Aries March 21 – April 19
It will hit you like a ton of bricks this week, which is misleading, as “it” is actually two tons of bricks.
Taurus April 20 – May 20
Things are about to get hairy for Taurus, as well as bloody, and possibly gross. But then, that’s puberty.
Gemini May 21 – June 21
If you knew what was coming, you wouldn’t be wasting valuable time reading your horoscope.
Cancer June 22 – July 22
The look on your face will be priceless this week, but due to the core temperature of molten steel, it won’t last very long.
Leo July 23 – August 22
Catch all the exciting predictions, amazing revelations, and out-of-this-world prophecies in Leo IV: Revenge Of The Zodiac.
Virgo August 23 – September 22
Don’t let other people get you down. They have a lot more important things they could be doing right now.
Libra September 23 – October 23
Lately it may seem as if you’re losing your mind, but don’t worry: There’s microwaves for every laughter and plaster wolverine.
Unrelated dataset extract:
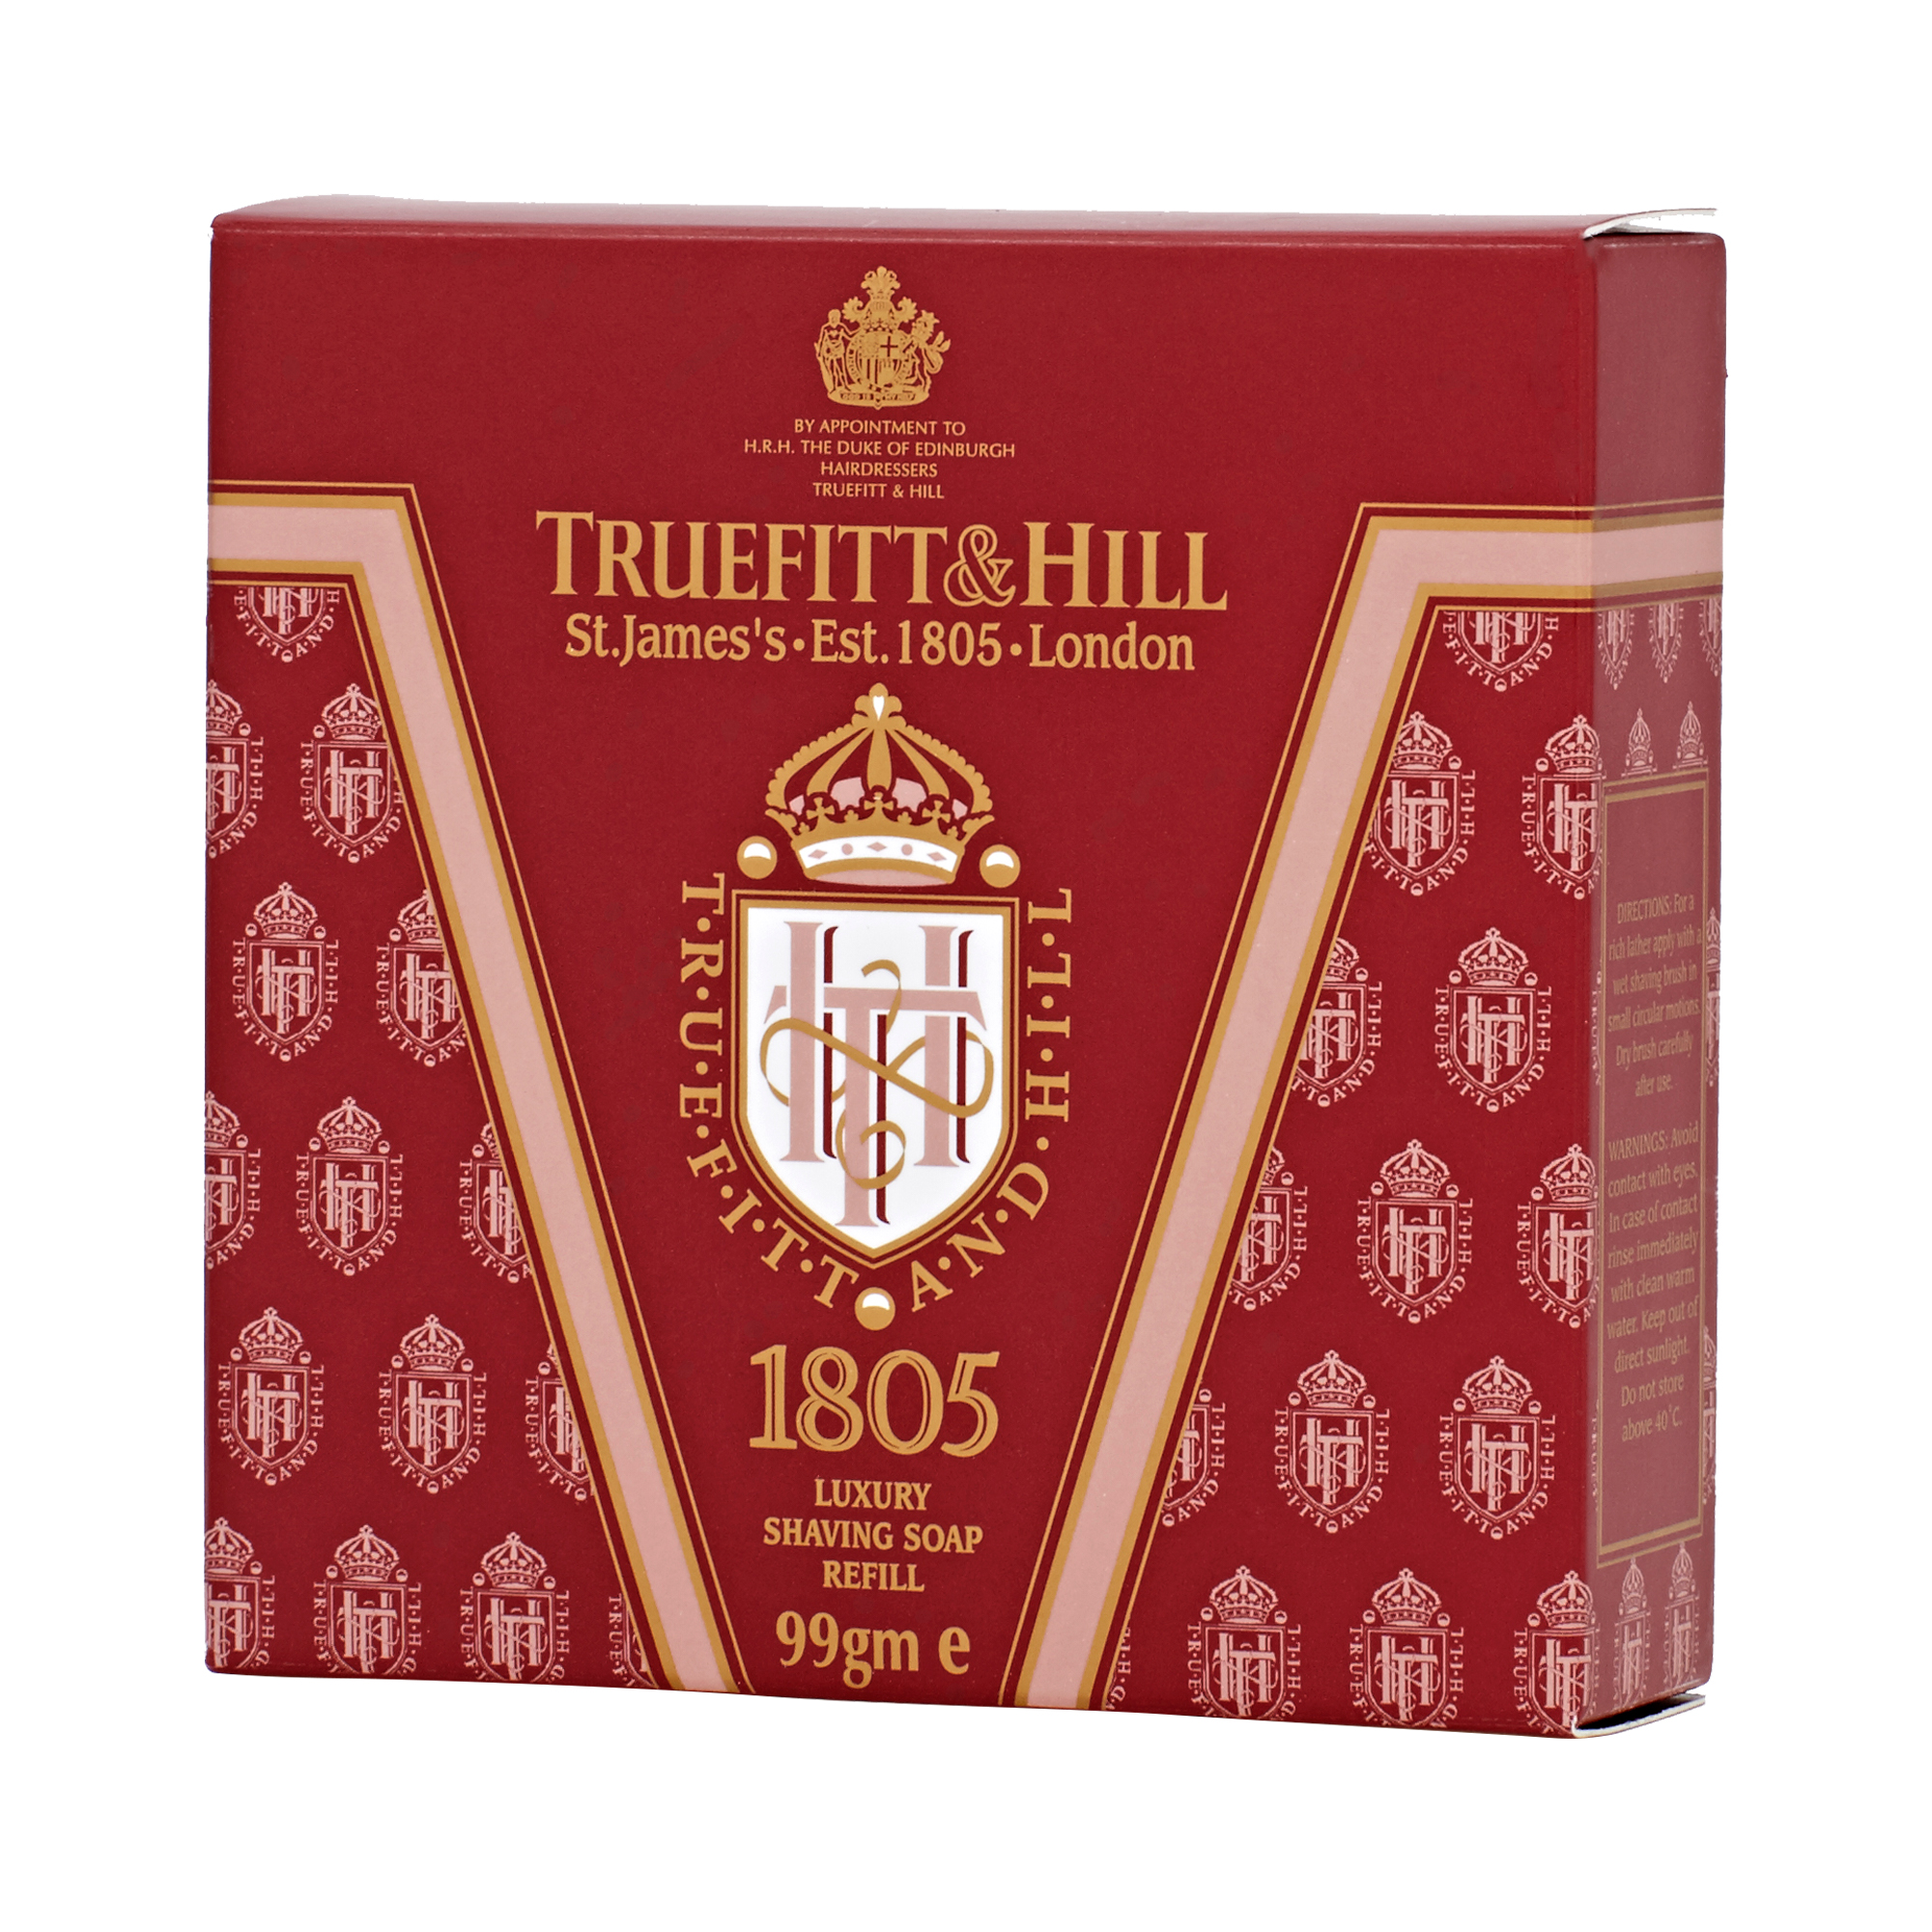 Truefitt & Hill - 1805 Shaving Soap Refill - Nachfüllpack für Holztiegel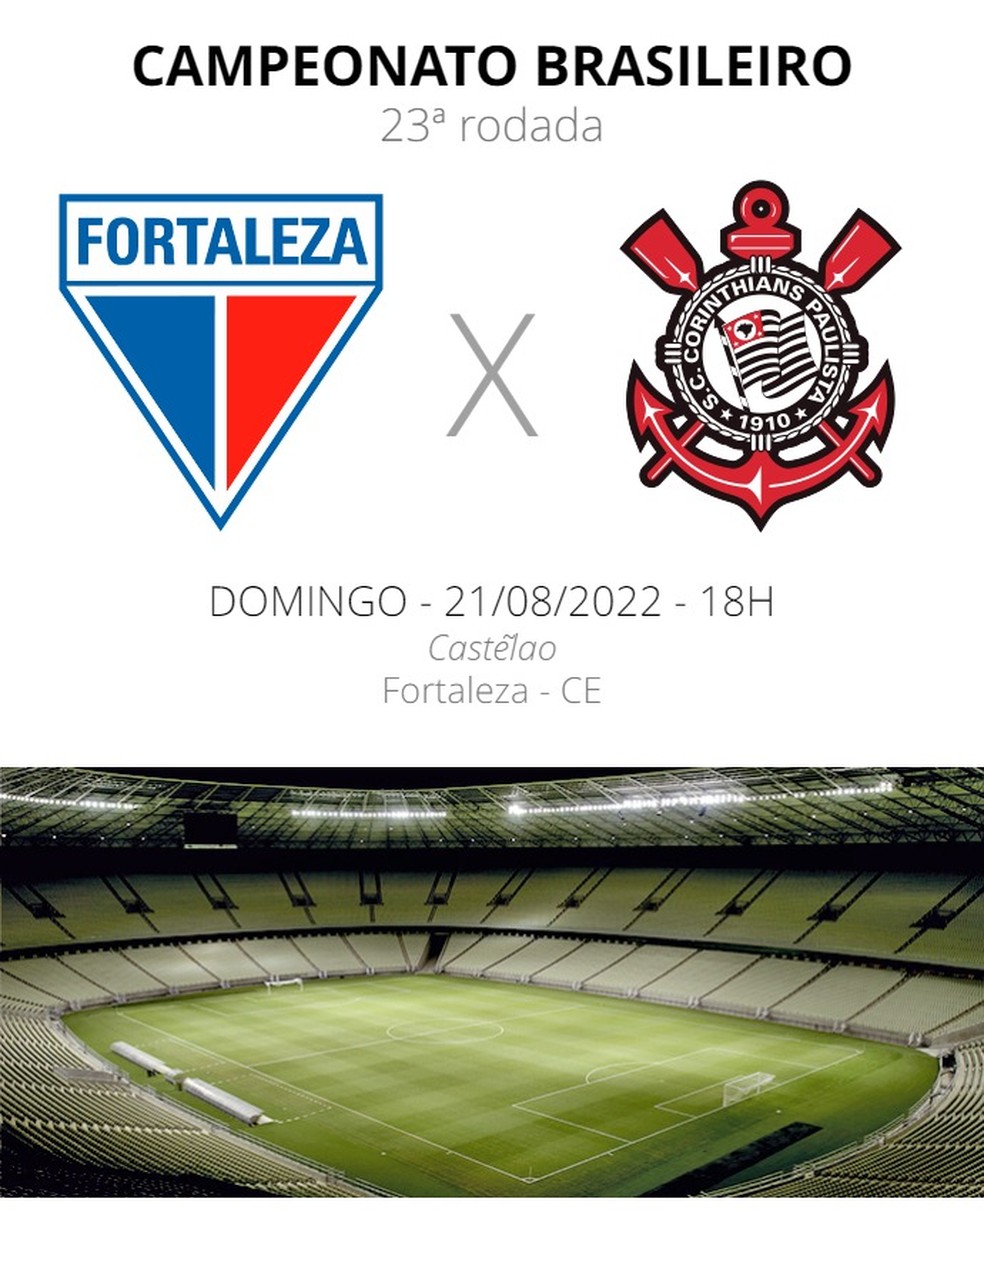 Quando vai ser o jogo do Fortaleza e Corinthians?

Scorpio October 24 – November 21
You’ll soon have a hit country music song on your hands, no matter how many times you try to scrub it off.
Sagittarius November 22 – December 21
Everyone laughed when you fell down the stairs, but the joke will be on them this week, when it’s revealed you were pregnant at the time.
Capricorn December 22 – January 19
You’ll soon meet your maker, which, according to your model number and serial code, is the Globotech Corporation.
Aquarius January 20 – February 18
The stars indicate financial success, new romantic interests, and complete spiritual fulfillment this week. There, are you happy now?
Pisces February 19 – March 20
The ladies all think you’re a sex god, but unfortunately for you, they’re still not buying the whole immaculate conception excuse.